First Harvest

  

Someone asked, "What's the most exciting thing you've done?" I could have said several things. I've been on safari in Africa, watched three of my children being born, seen my writing career take off after illness and failure. Thrilling experiences, but not the most exciting. My final answer, in one word, was - radishes. 

I've never done anything more exciting than growing my own radishes when I was three. I remember it so well.

First you raked the earth, then you made a groove in the soil with a stick, then you opened your packet of seeds, on the front of which was illustrated the platonic ideal of the radish. A huge crimson orb with a creamy base, topped by forests of greenery.

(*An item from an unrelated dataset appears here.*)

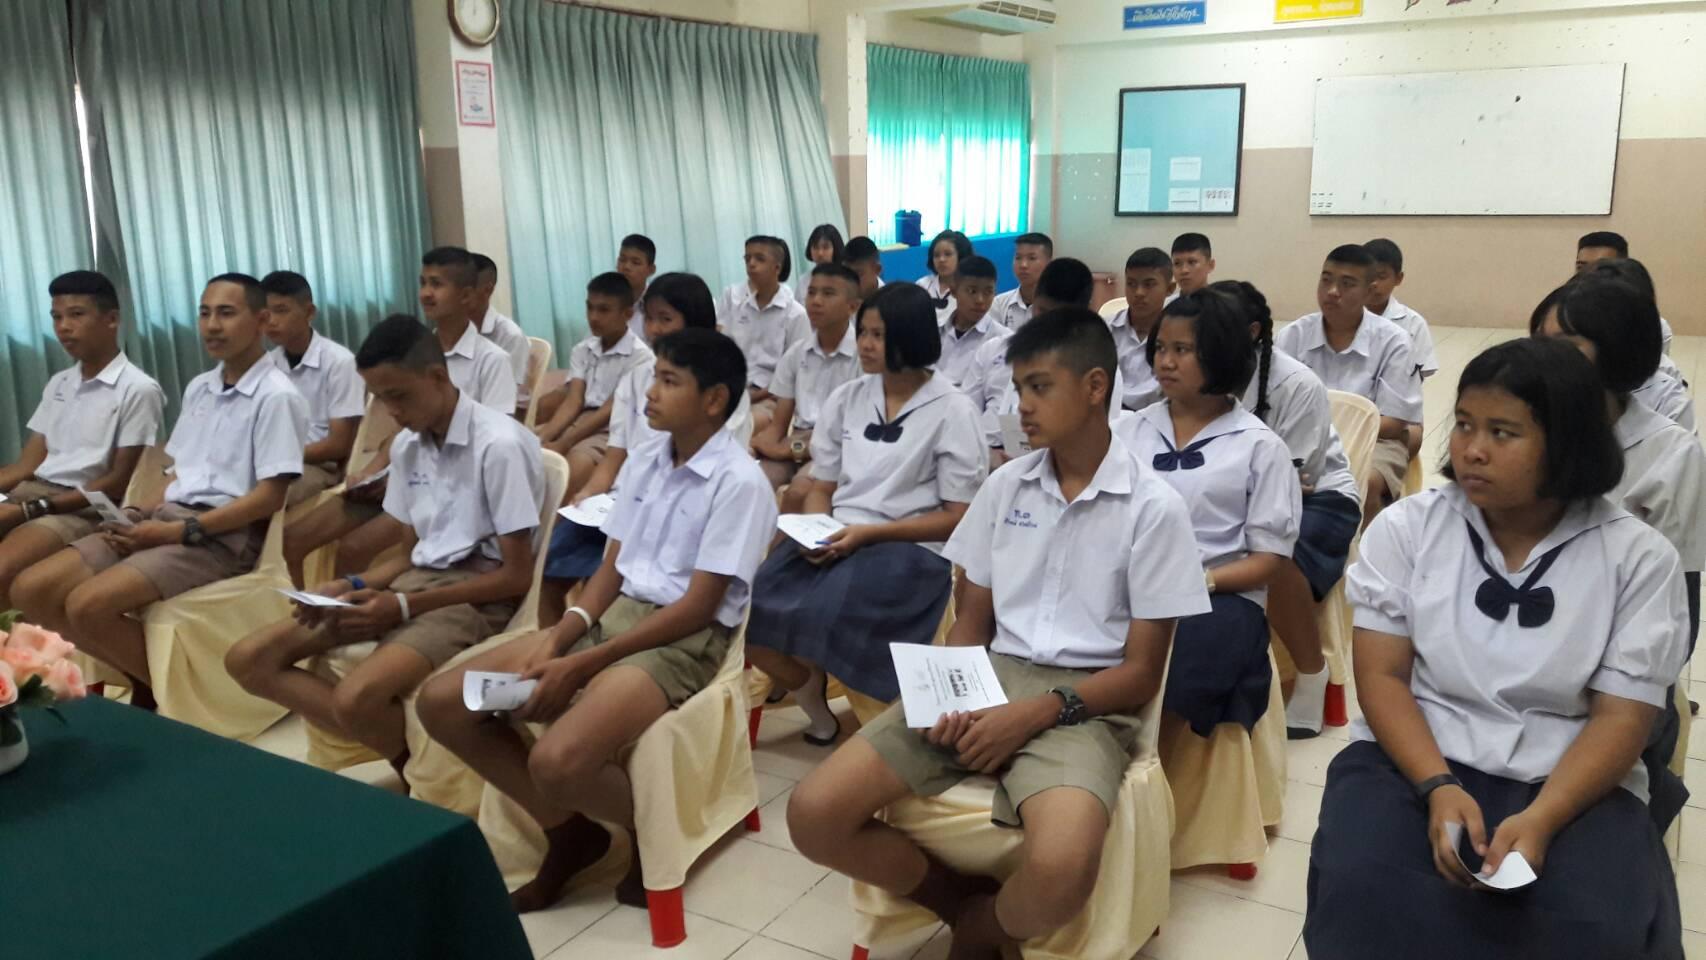 มสด.ออกแนะแนวหลักสูตร Pre-Teacher Program โรงเรียนเทศบาล 3 บ้านต่ำบุญศิริ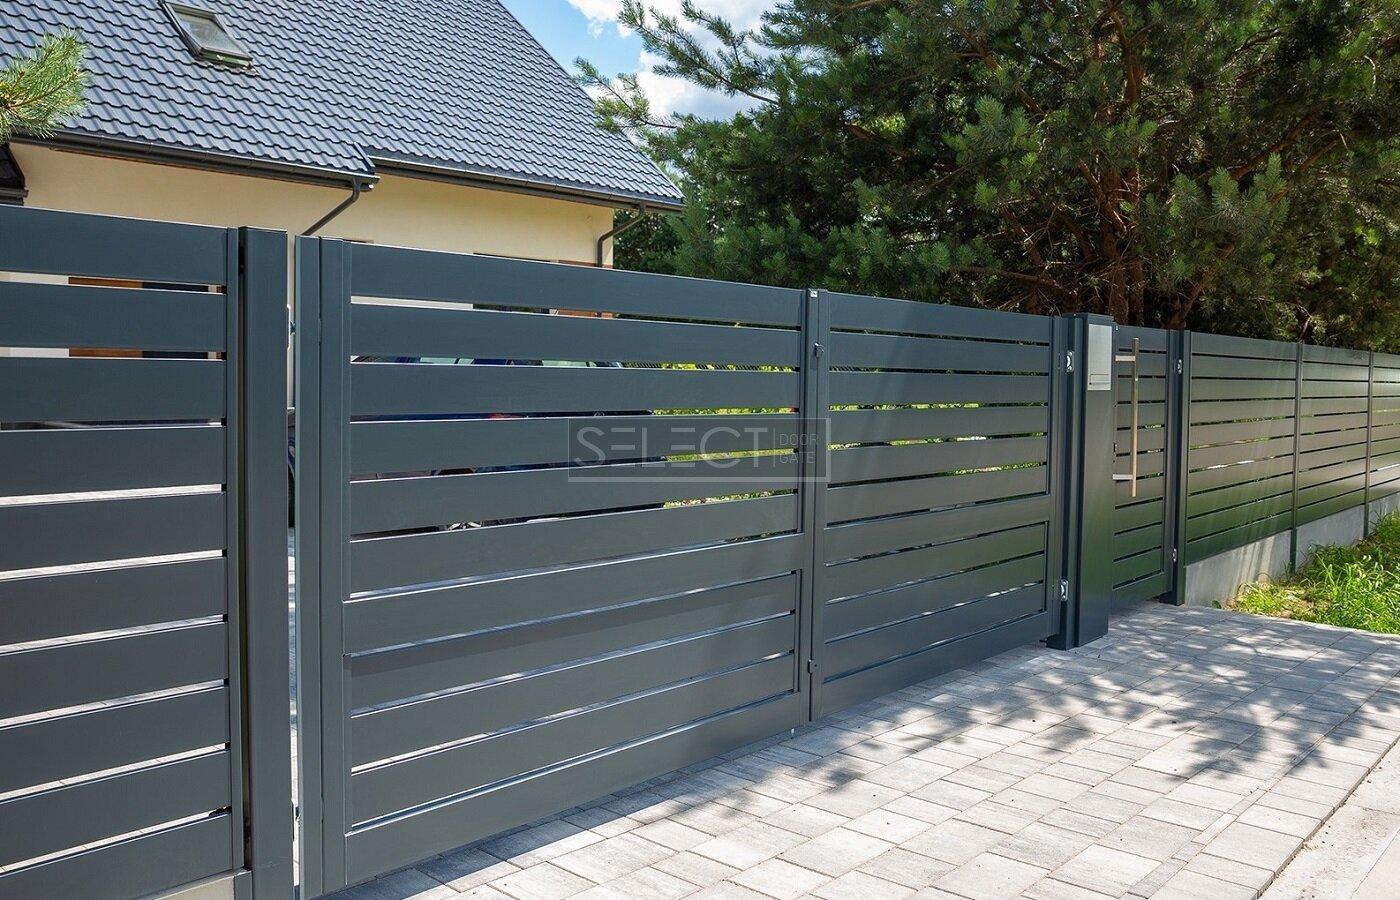 Въездные ворота Селект Лайн с автоматикой - купить заборы современные для частного дома - узнать цены

My radishes would look like that!

Then you sowed your seeds, covered them up, impaled the empty packet on a stick through two holes and stuck it in the ground. And at three I honestly believed that picture on the packet had to face the row, so that, as the plants came up, they would know what to be. You'd squat on your haunches, staring at the ground, desperately hoping that the miracle might happen immediately. But of course, it didn't.

Oh, happy day, when green shoots first poked through the earth and became two minute leaves opening up like a pair of tiny hands, as if to say, "Here I am!"

Eventually, oh, second and happier day, the radishes were ready to pull. You'd carry a bunch of them proudly to your mother, and say, "Got a few radishes, mum." She would seem so pleased. That evening there they'd be on the tea-table - my radishes. You know, I hated radishes. 

But I loved my mother's reaction to that first small harvest. My mum died six years ago. I'll really miss her talent for appreciating. It taught me something about God. We haven't much to offer, but whatever it is, loaves and fishes, time, concern for others - radishes, he'll take it, appreciate it and perhaps use it in ways we never dreamed of. So exciting!